You may need to find an image with at least some minimal amount of fire pixels, the script masks_with_at_least_n_fire_pixels.py
prints on the screen the image path of the masks in the MASK_PATH
directory that has more fire pixels than NUM_PIXELS
defined in the script. After defining the path and the amount of pixels you can run:
python masks_with_at_least_n_fire_pixels.py
The masks have the value 1 where fire occurs and 0 otherwise, because of that the masks will not display "white" and "black" if open in an image viewing program. To help you see the mask you can use the script transform_mask.py
, this script will convert the image to a PNG with white and black pixels. You just need to define the mask you want to convert in the MASK_PATH
constant and run:
python transform_mask.py
The images available in the dataset are also difficult to view, as they are 10-channel images. You can convert them into a visible format, with the combination of bands 7, 6 and 2, using the convert_patch_to_3channels_image.py
script. You just need to set the path to the desired image in the IMAGE
constant and run:
python convert_patch_to_3channels_image.py
If you trained the models from scratch and want to use those weights to compare against the manual annotations, use the copy_trained_weights_to_manual_annotations_evaluation.py
script to copy the trained weights to the directories used to evaluate the models against the manual annotations:
python copy_trained_weights_to_manual_annotations_evaluation.py
The evaluation processes will generate many txt files, you can use the purge_logs.py
script to erase them:
python purge_logs.py
In order to save space, only fire masks are available. In our code, the masks without fire are generated on the fly when needed, but you may want to see all annotations. You can use the generate_nonfire_masks.py
script to generate the missing masks. It will create one mask for each patch filled with zeroes, using the metadata from the original patch. If a mask already exists it will be ignored. To run it:
python generate_nonfire_masks.py
The scripts in this repository were done using Tensorflow (GPU) version 1.13, using Keras 2.2 version.
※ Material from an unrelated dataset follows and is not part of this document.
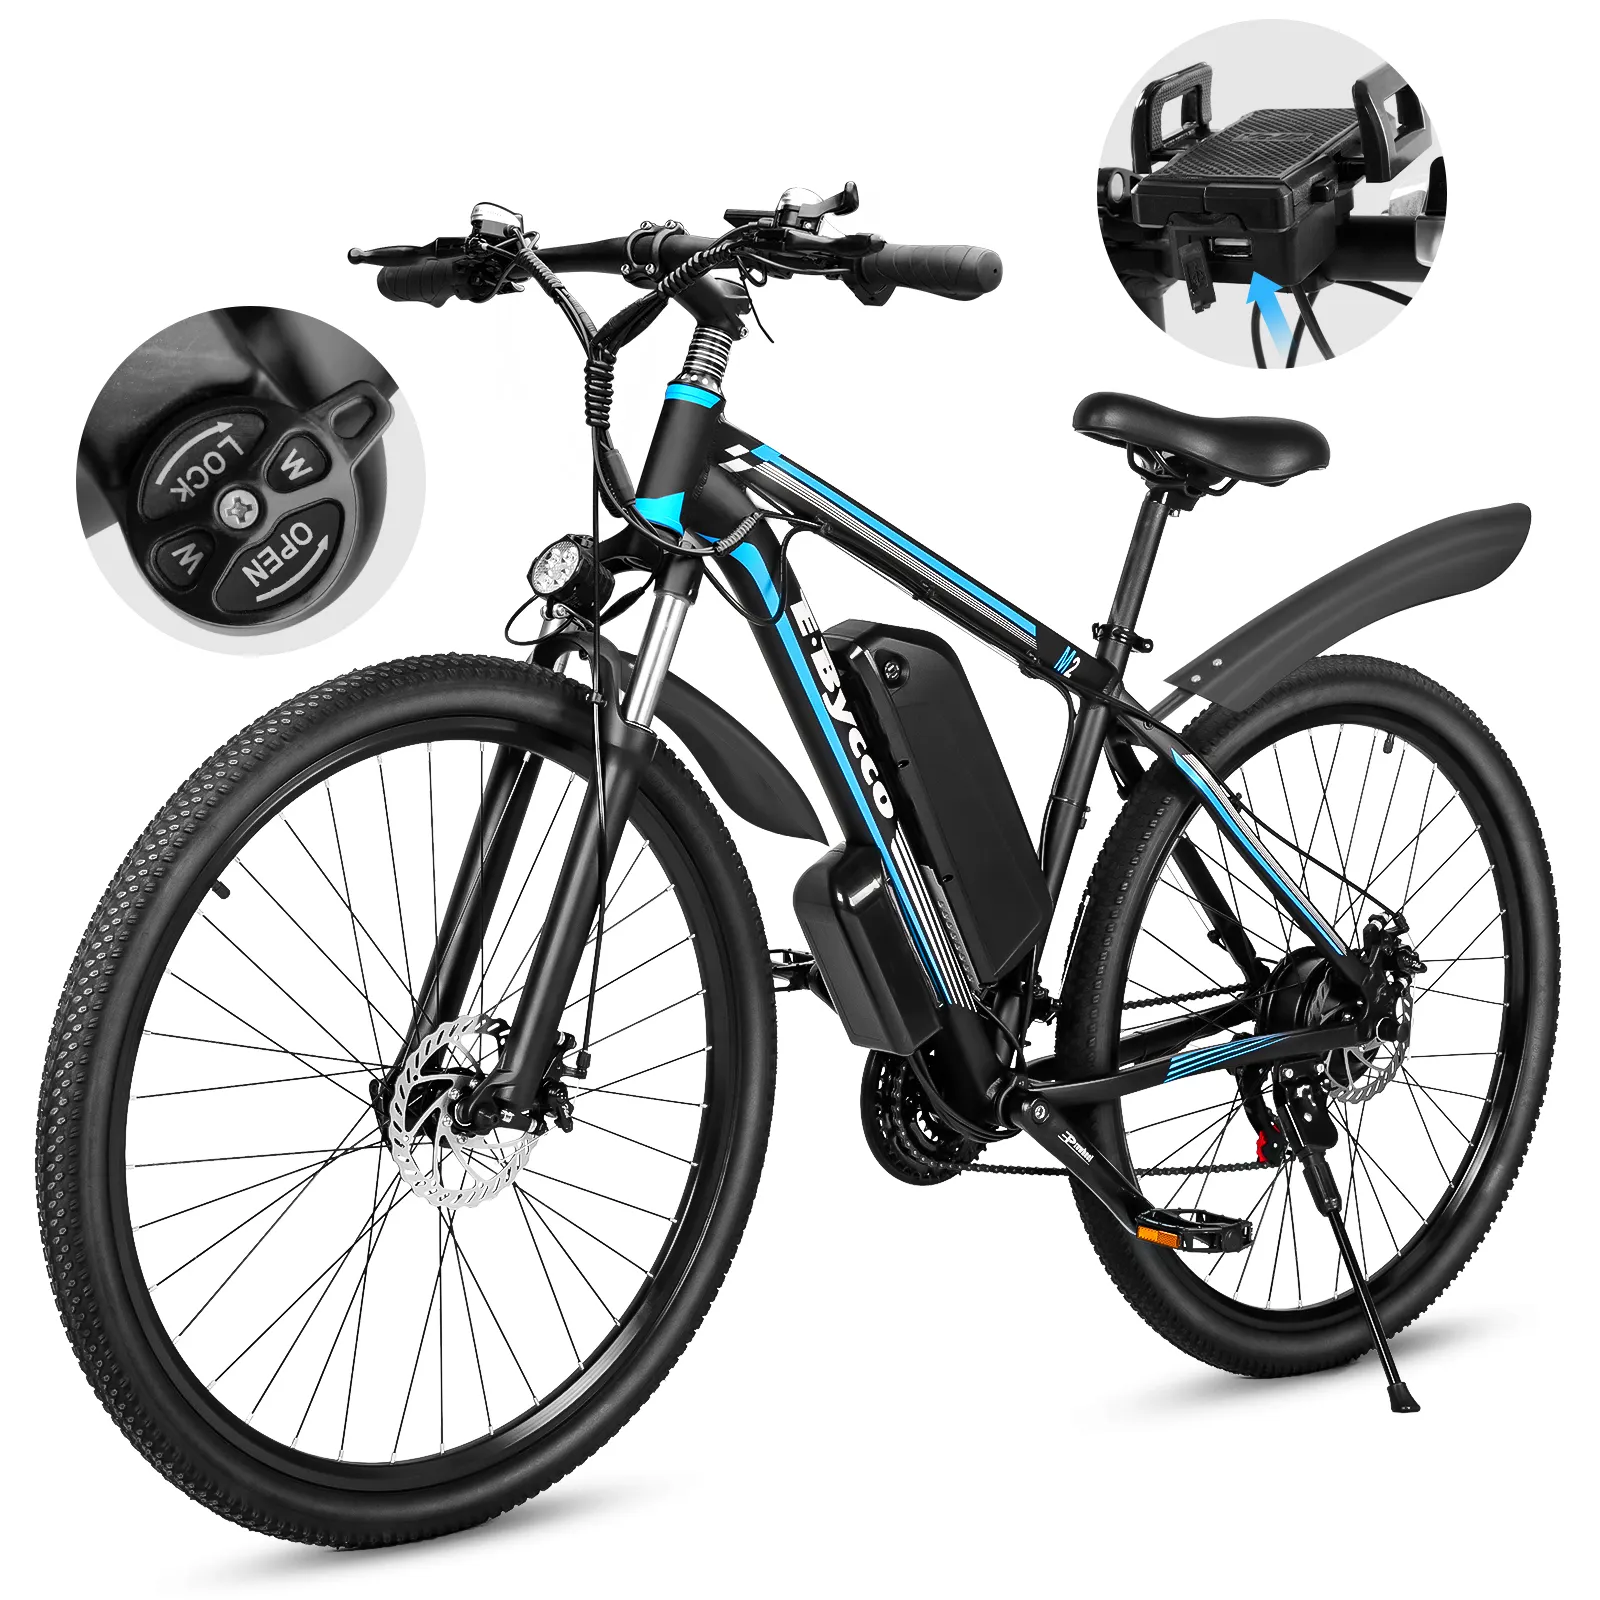 미국 EU 창고 재고 있음 저렴한 전기 자전거 750w 레이싱 전기 자전거 도시 전자 자전거 Removeable 배터리 스포츠 산악 ebike

Since there are some Nvidia-drivers/CUDA/TensorFlow specific installation details we don't provide any enviroment preparation file, but the main libriries used are:
tensorflow-gpu
keras
numpy
cv2
scikit-learn
pandas
geopandas
rasterio
If you want to use TensorFlow 2.X you can follow some hints in the tensorflow-2.md file.
If you find our work useful for your research, please cite our paper:
@article{DEALMEIDAPEREIRA2021171,
title = {Active fire detection in Landsat-8 imagery: A large-scale dataset and a deep-learning study},
journal = {ISPRS Journal of Photogrammetry and Remote Sensing},
volume = {178},
pages = {171-186},
year = {2021},
issn = {0924-2716},
doi = {https://doi.org/10.1016/j.isprsjprs.2021.06.002},
url = {https://www.sciencedirect.com/science/article/pii/S092427162100160X},
author = {Gabriel Henrique {de Almeida Pereira} and Andre Minoro Fusioka and Bogdan Tomoyuki Nassu and Rodrigo Minetto},
keywords = {Active fire detection, Active fire segmentation, Active fire dataset, Convolutional neural network, Landsat-8 imagery},
}
Or access the preprinted version.
This work is licensed under a Creative Commons Attribution 4.0 International License.